As part of a five-year case study, backed by the RSPB’s Operation Turtle Dove scheme, the plan is to track the bird’s migration from the UK to West Africa, where it spends the winter months. To achieve this Mumford wants to create a habitat for the bird at G’s farms in both locations.

At the vegetable supplier’s mushroom facility in Cambridgeshire Mumford is planting trees and installing feeding strips to attract the rare bird species to the farm. And with funding and support from the RSPB, he plans to satellite tag turtle doves, with the hope of then luring them to the company’s radish and spring onion farms in Senegal.

The idea is to document the 3,000-mile migration journey and gather valuable data to help save turtle doves from UK extinction.

“We’ve planted a native tree and shrub arboretum, which is unique in Britain,” said Mumford, who has been working at the Cambridgeshire mushroom farm since construction work began in 2012.

“On either end of the arboretum we’ve planted two really thick spinneys [small areas of trees and bushes], which turtle doves need for nesting cover,” he added.

“In front of them we’re going to put feed strips with the specific seeds that turtle doves eat. It would be totally amazing if we ringed or satellite tagged a turtle dove on May Farm and then caught it on one of our other farms in Senegal.”

The RSPB proposed that G’s help them with the case study after May Farm was granted membership of the Guild of Conservation Grade Producers in October last year – the only mushroom farm globally to attain this status. The Conservation Grade’s ‘Fair to Nature’ scheme aims to reverse declines in farm wildlife by creating and managing areas of nesting and foraging habitat on farms.

The accreditation recognises Mumford’s mammoth efforts to boost biodiversity on the site, planting some 21,500 trees in the past four years. As well as turtle doves, Mumford is creating habitats for corn bunting, sky larks, grey partridges and yellow wagtails, among other species.

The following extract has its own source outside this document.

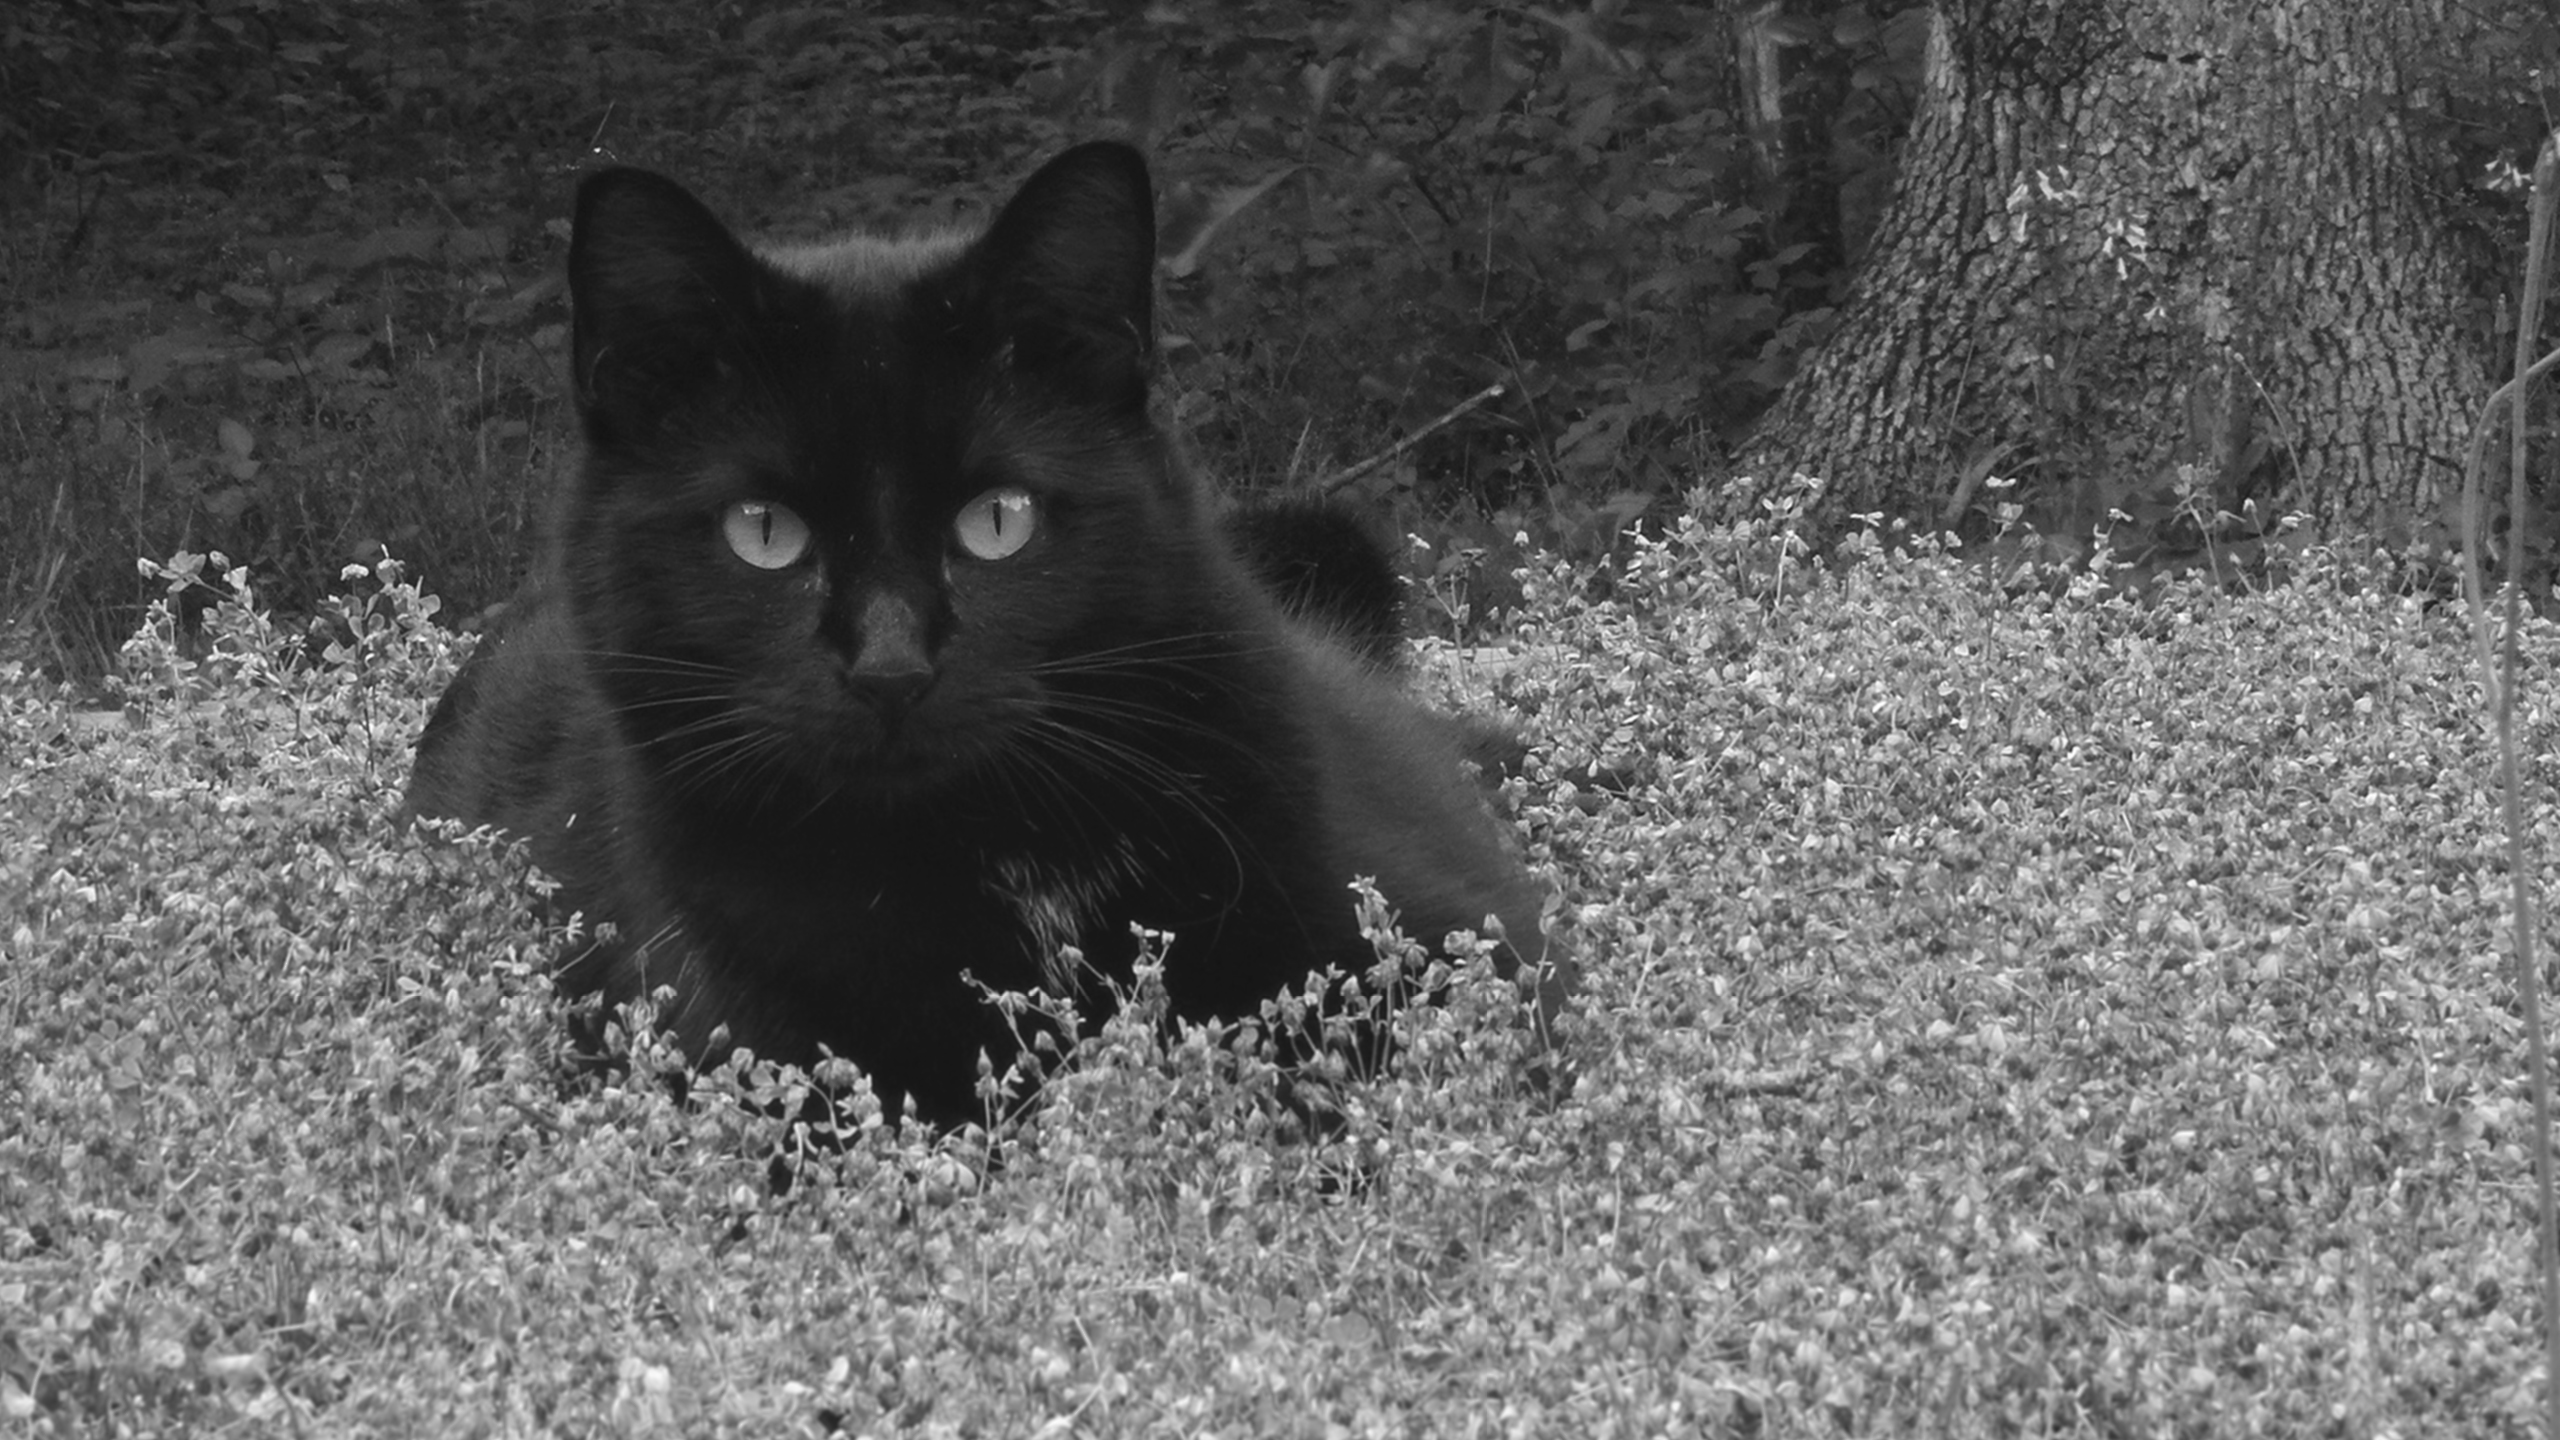 General 2560x1440 monochrome grass feline cats mammals animals black cats outdoors nature

James Meers, who head up G’s mushroom growing operations, said: “We could have just built a mushroom facility and left the rest of the land as a field, but developing the area’s biodiversity makes it a nice place to work. It makes local people want to engage with it.”

Last year, G’s welcomed 40 school groups to the farm, as well as bird clubs and mammal groups.

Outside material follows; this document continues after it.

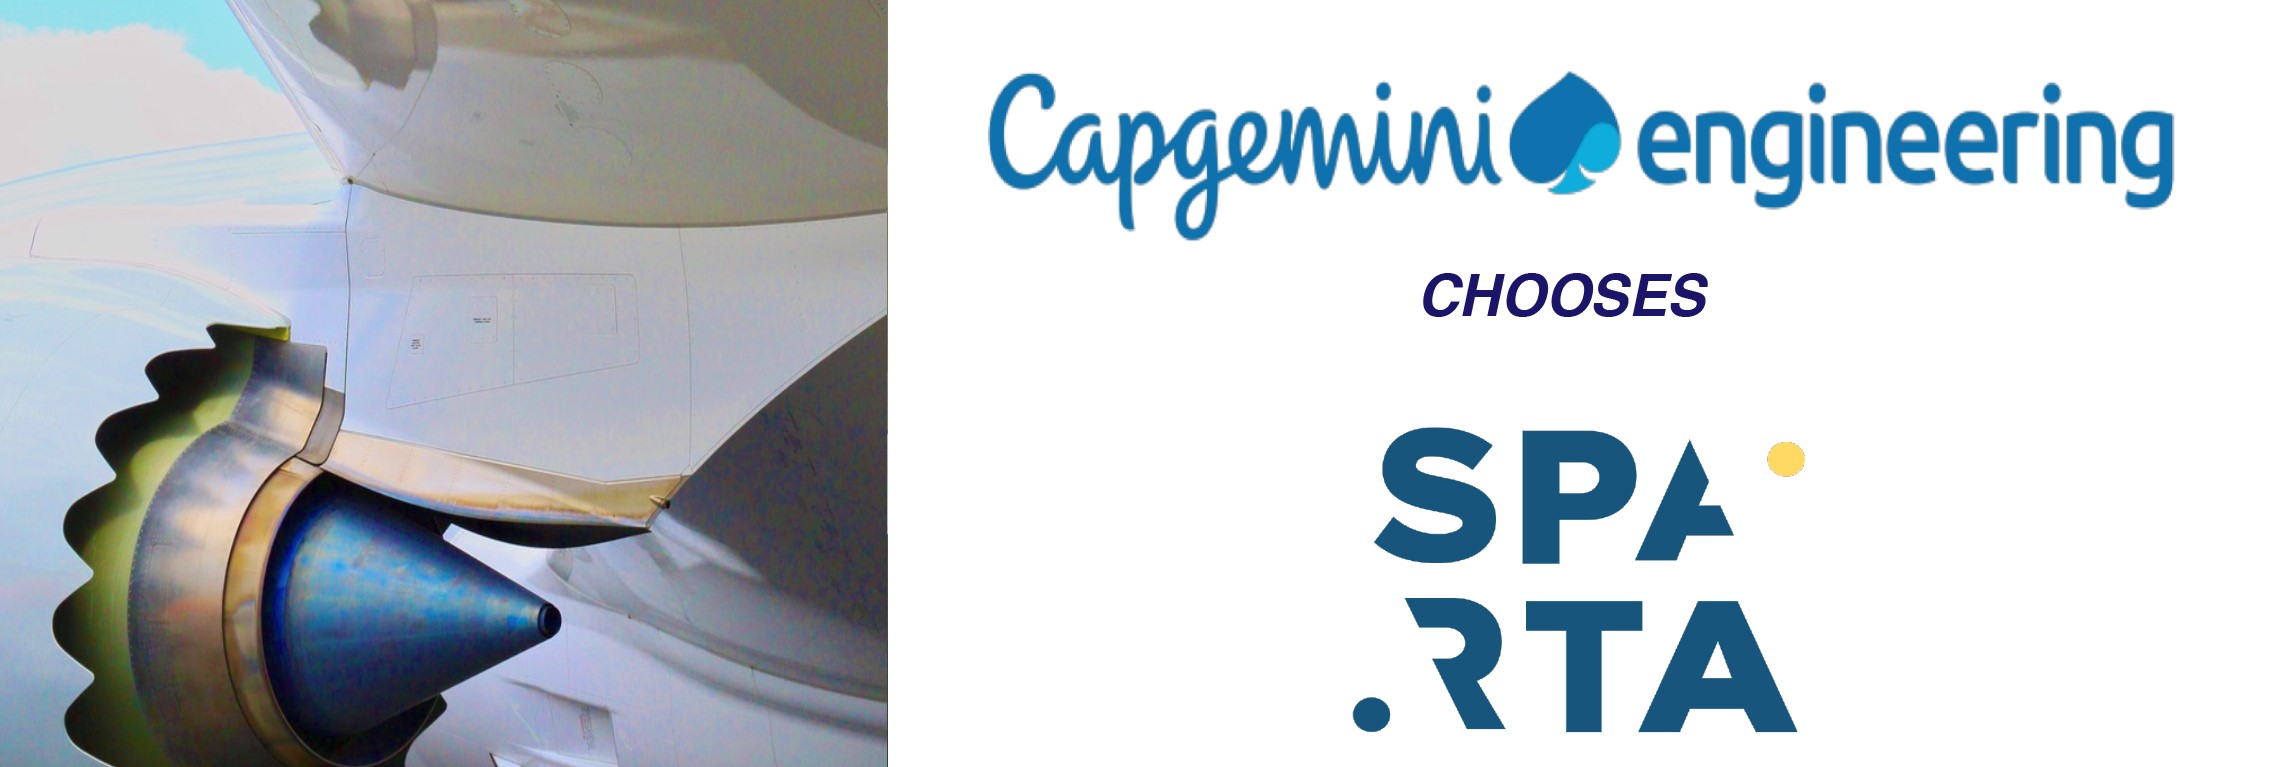 Capgemini Engineering Chooses SPARTA Enterprise Asset Management Software

As well as focussing on biodiversity, the mushroom facility fits with G’s sustainable model of agricultural production, being entirely powered by a biodigester fuelled by the firm’s crop waste. Reclaimed water and heat from the AD plant are used in the farm’s growing tunnels.

The farm, which was officially opened in October 2016, produces 165 tonnes of mushrooms a week for sale at Tesco.